*** Block opens ***

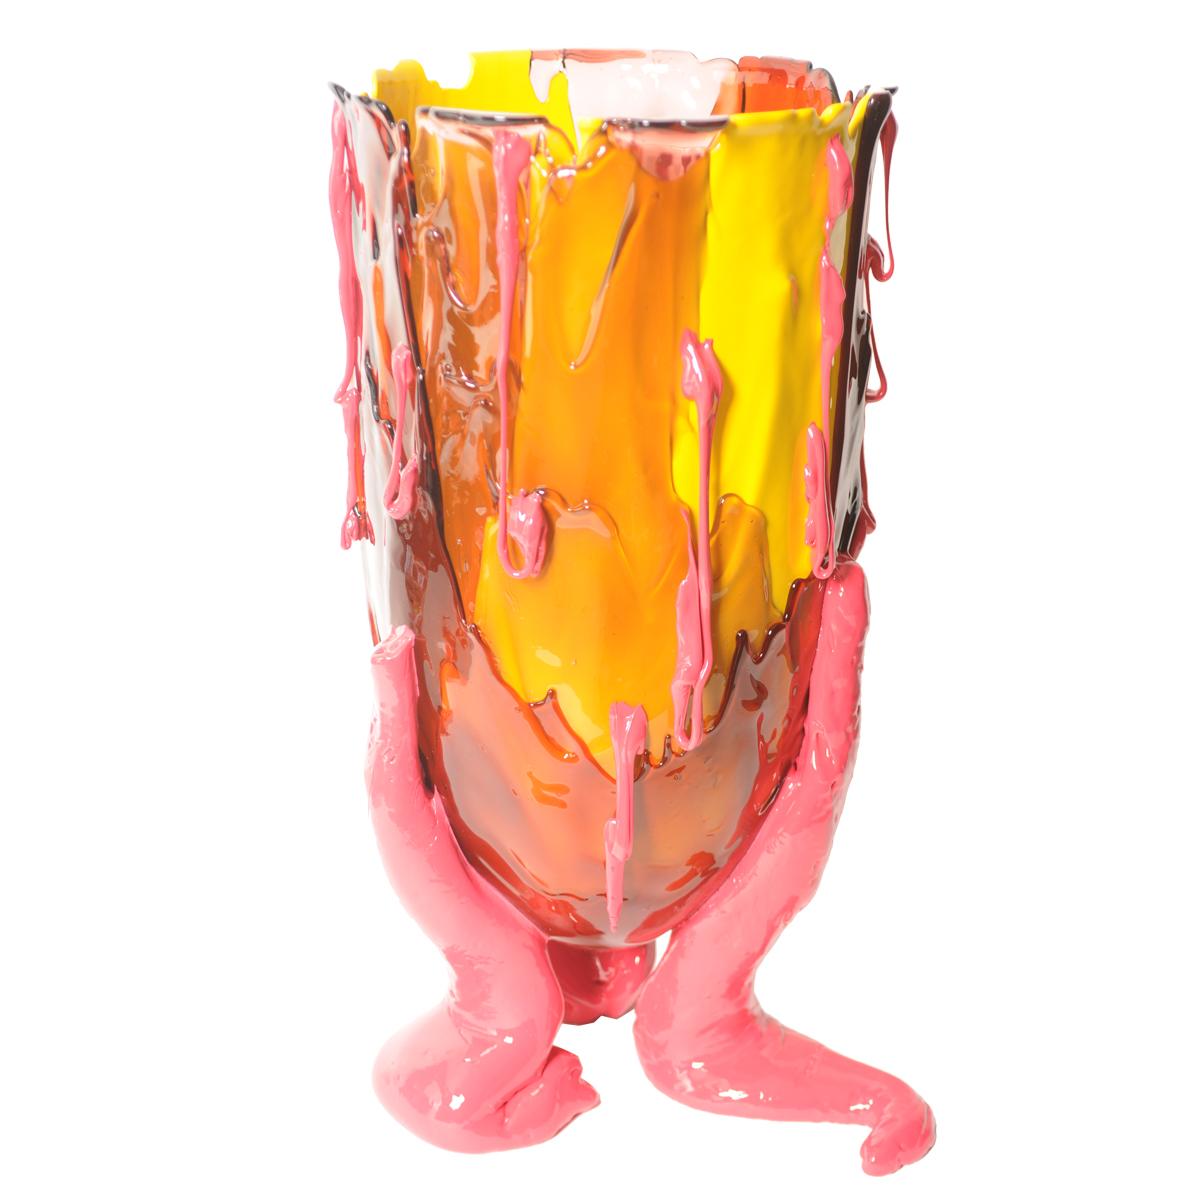 Klare Vase in Sonderfarbe - Mattes warmes Gelb, dunkles Rubinrot, klares Rosa, mattes Fuchsia
Vase aus weichem Harz, entworfen von Gaetano Pesce im Jahr 1995 für die Collection'S Fish Design.

Maße: XL - ø 30cm x H 56cm

Andere Größen

*** Block closes ***

Return each of the lines exactly as they appear above, with no images.

 Klare Vase in Sonderfarbe - Mattes warmes Gelb, dunkles Rubinrot, klares Rosa, mattes Fuchsia
Vase aus weichem Harz, entworfen von Gaetano Pesce im Jahr 1995 für die Collection'S Fish Design.

Maße: XL - ø 30cm x H 56cm

Andere Größen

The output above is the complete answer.